Ao explorarmos a riqueza da história africana, muitas vezes nos deparamos com narrativas que destacam contribuições significativas para o desenvolvimento tecnológico global. No entanto, entre os muitos capítulos dessa história, há uma área frequentemente subestimada e pouco discutida: as tecnologias ancestrais africanas.
Desde os tempos antigos, as civilizações africanas desenvolveram uma notável habilidade em criar soluções inovadoras para uma variedade de desafios, que vão desde a agricultura até a engenharia. Essas tecnologias não apenas moldaram a vida cotidiana das comunidades africanas, como também tiveram um impacto no mundo moderno.
Uma das áreas mais fascinantes das tecnologias ancestrais africanas é a metalurgia. Por milhares de anos, os povos africanos dominaram a arte de extrair, fundir e moldar metais, produzindo objetos importantes e de valor estético. Deixe-me apresentar o exemplo da notável habilidade dos ferreiros da antiga Núbia, que dominavam a produção de ferro em uma escala que rivalizava com qualquer outra região do mundo antigo.
Além disso, a engenhosidade africana é evidente em áreas como a construção. As pirâmides do Egito são talvez o exemplo mais icônico, mas não único, da capacidade dos antigos africanos de projetar e construir estruturas rigorosas e impressionantes.
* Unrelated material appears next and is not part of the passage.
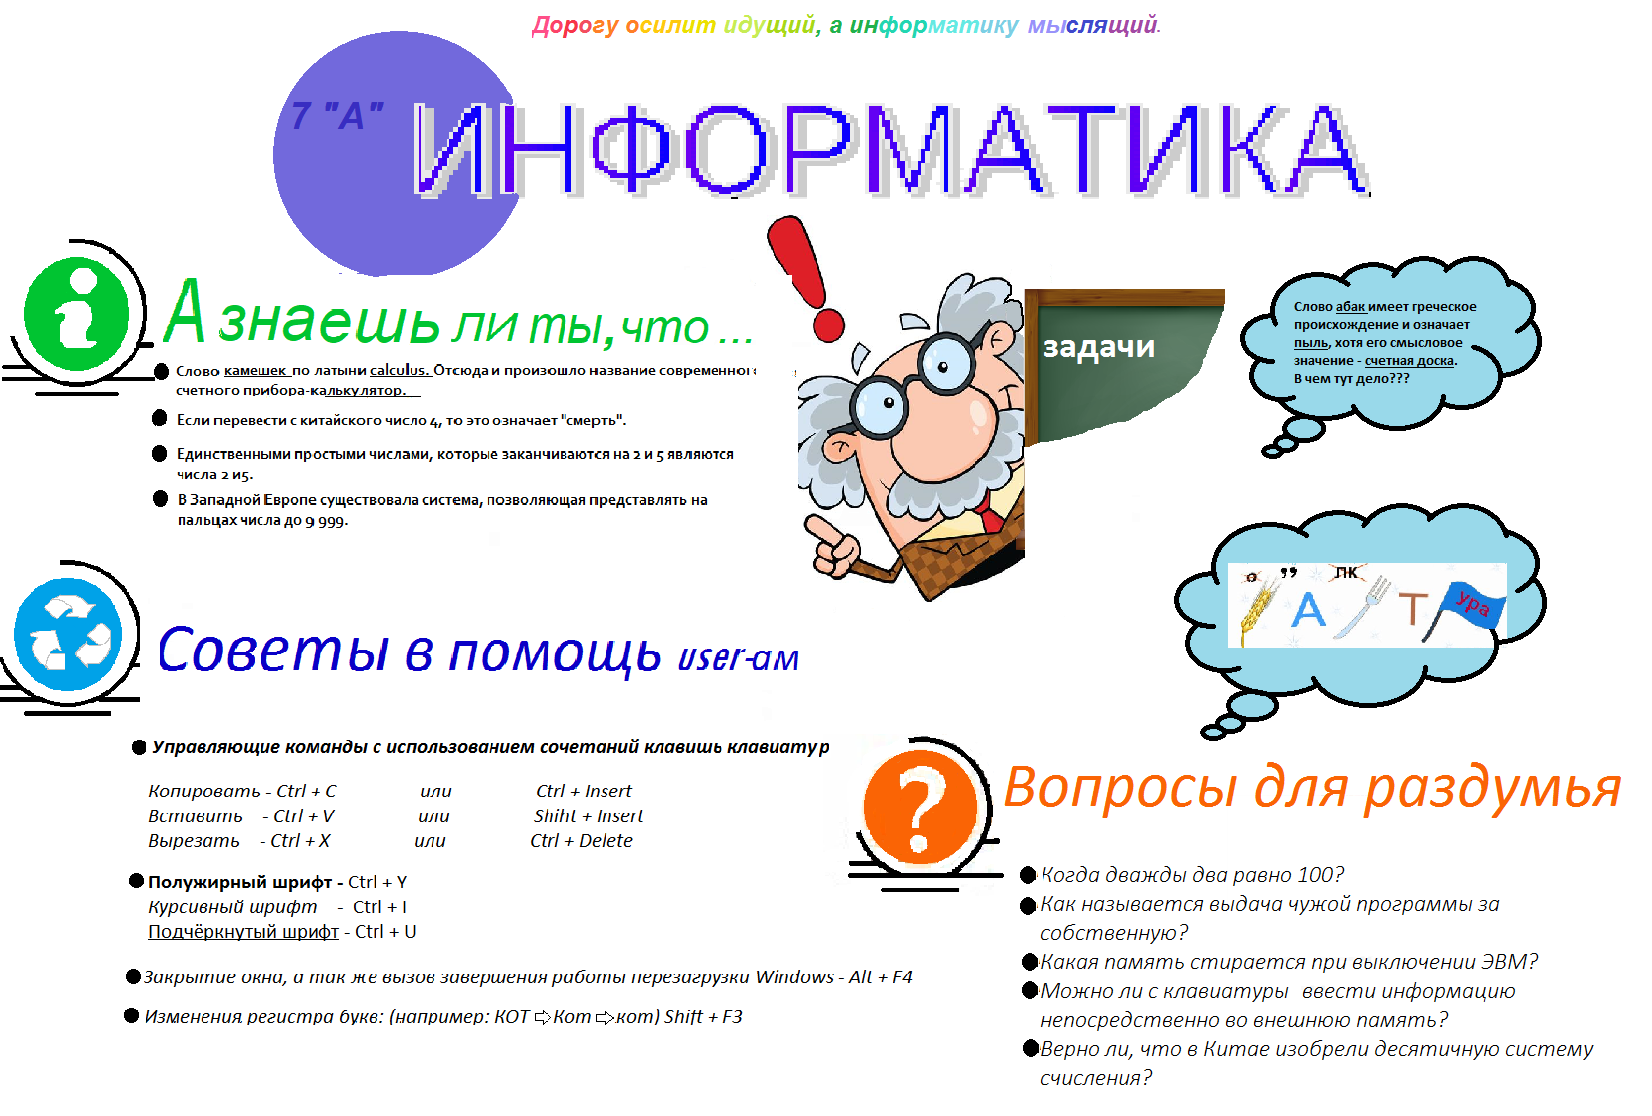 7 А (Герасева, Вакулина, Сухина, Михеева)

Não podemos esquecer também das técnicas sofisticadas de segurança utilizadas nas civilizações do Vale do Nilo e dos sistemas de conservação de água modificados encontrados em todo o continente.
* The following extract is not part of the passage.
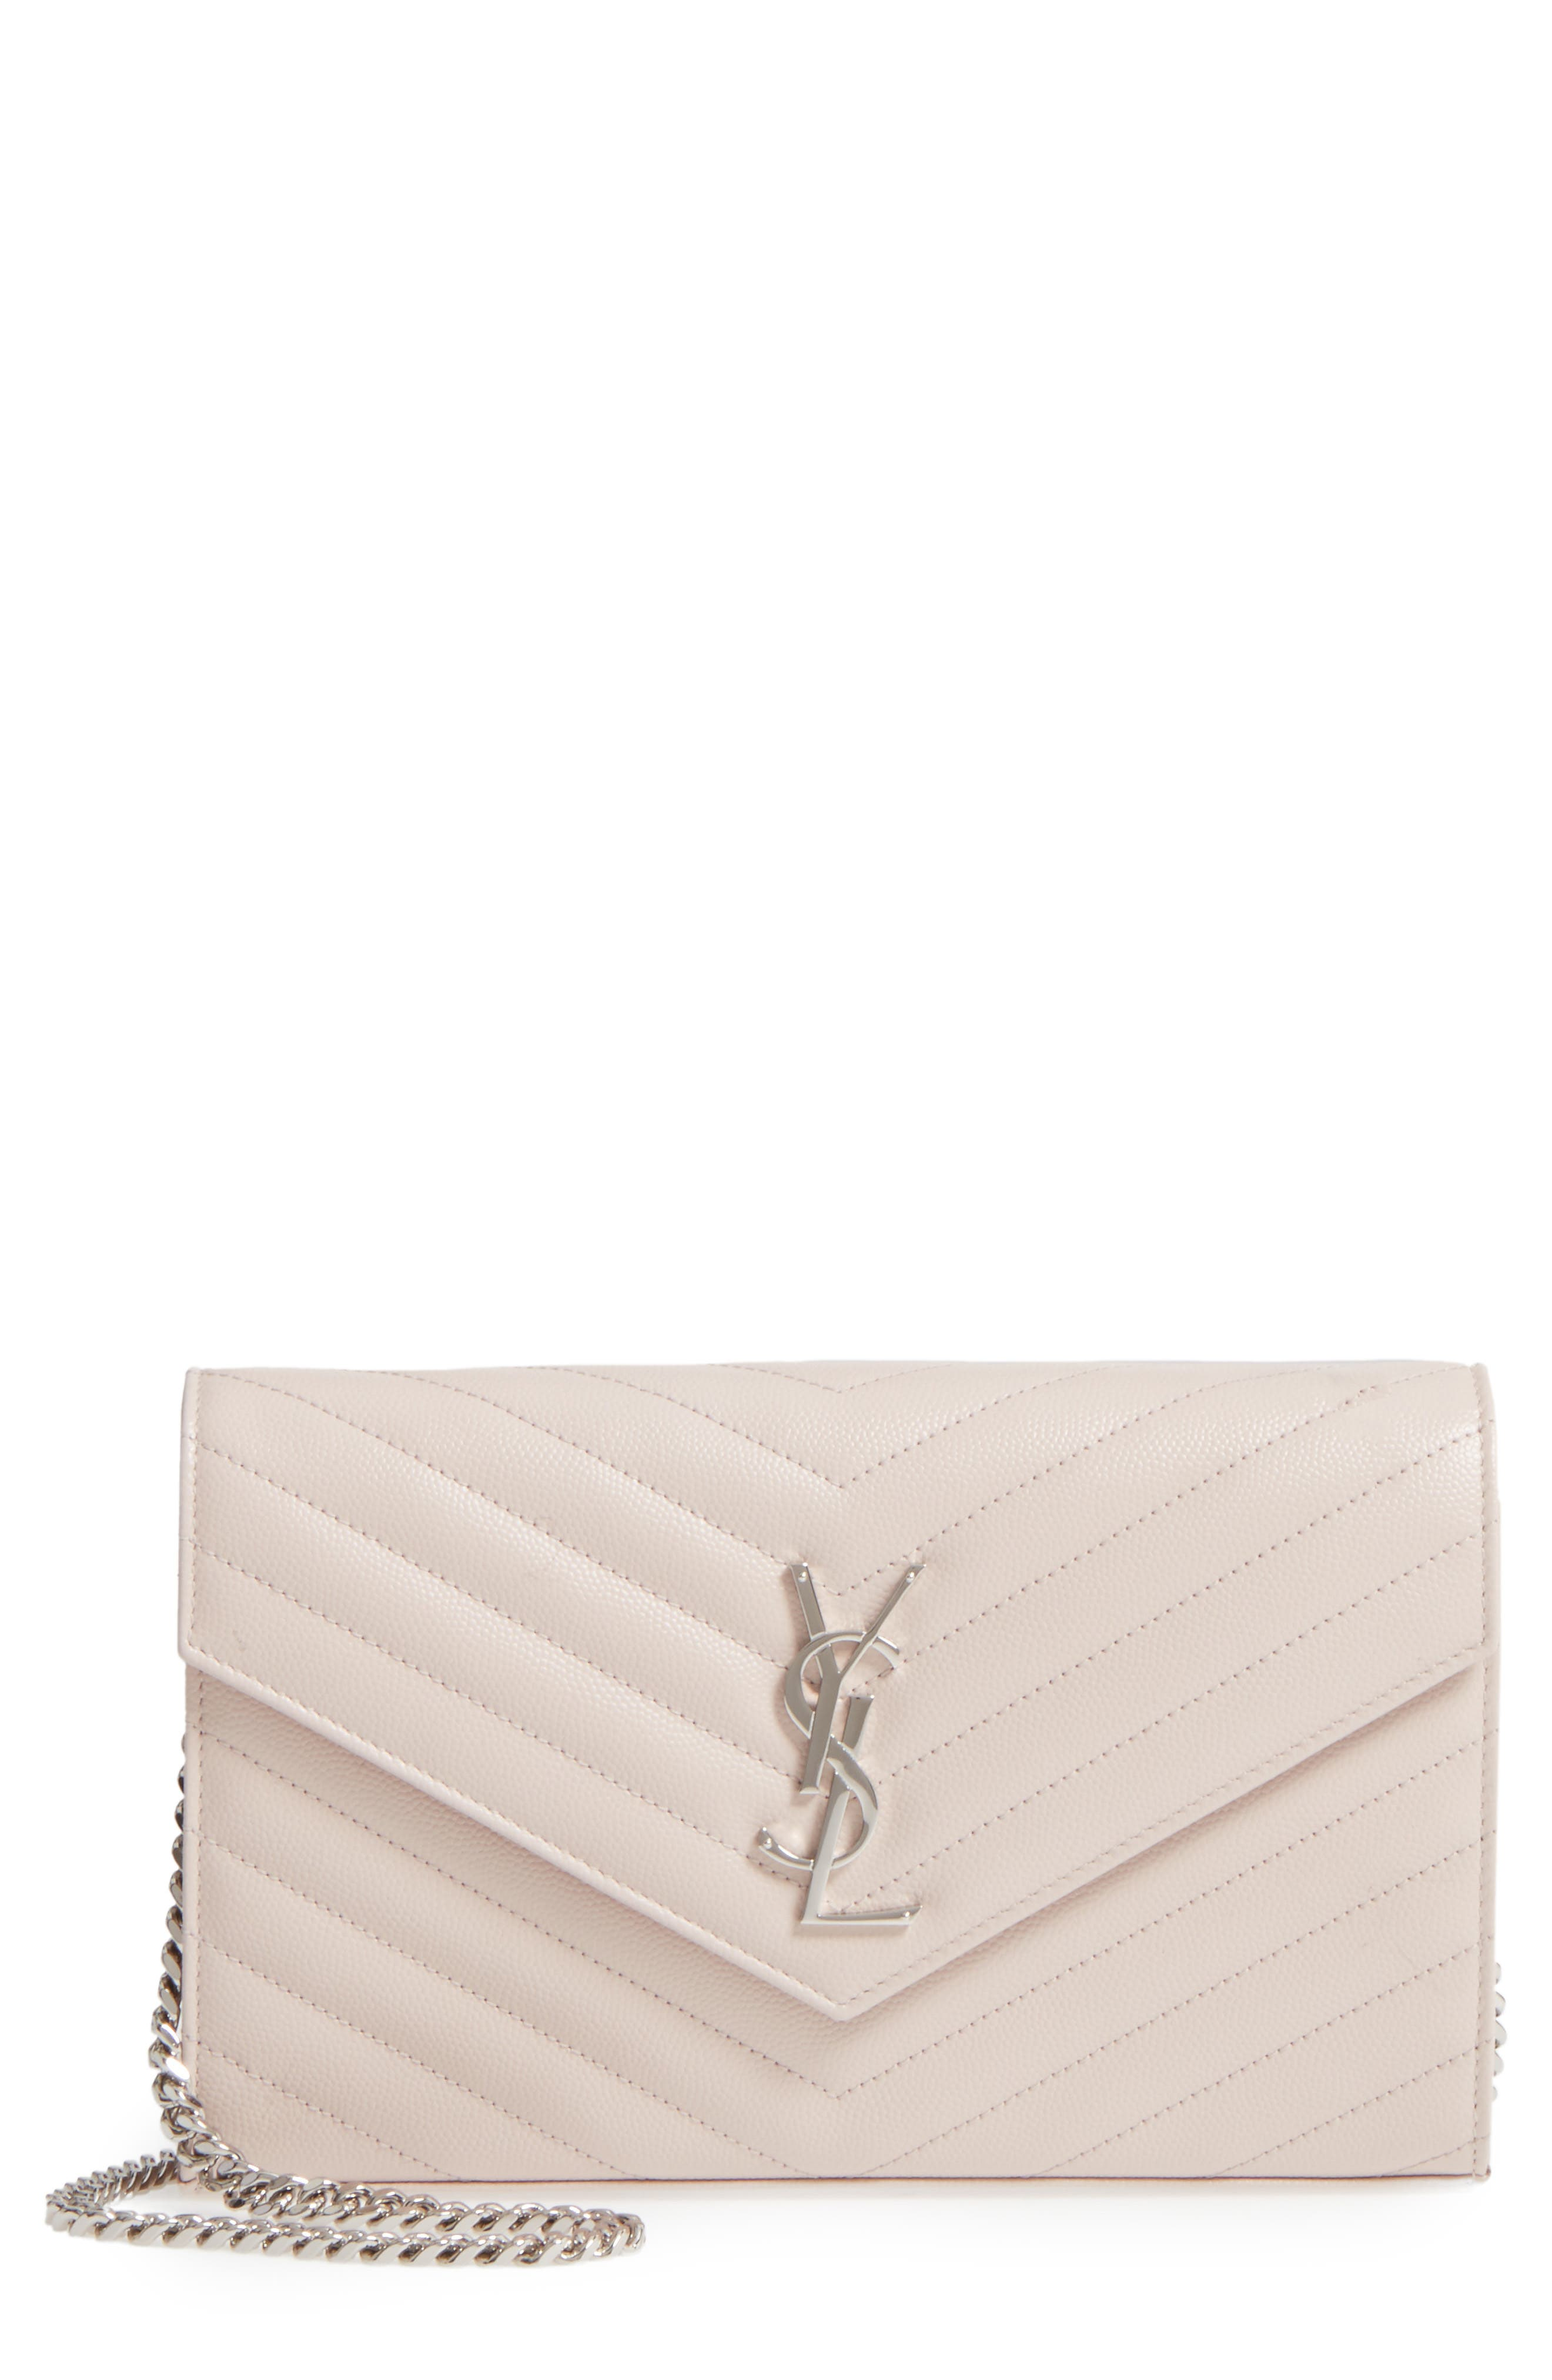 Alternate Image 1 Selected - Saint Laurent 'Monogram' Wallet on a Chain

A agricultura é outra área em que as tecnologias ancestrais africanas se destacaram. Métodos como a agricultura em terraços, o uso de sistemas de cultivo em pântanos e a seleção de plantas resistentes ao clima foram desenvolvidos e aprimorados ao longo dos séculos para enfrentar os desafios únicos do ambiente africano, contribuindo para a segurança alimentar e a sustentabilidade das comunidades.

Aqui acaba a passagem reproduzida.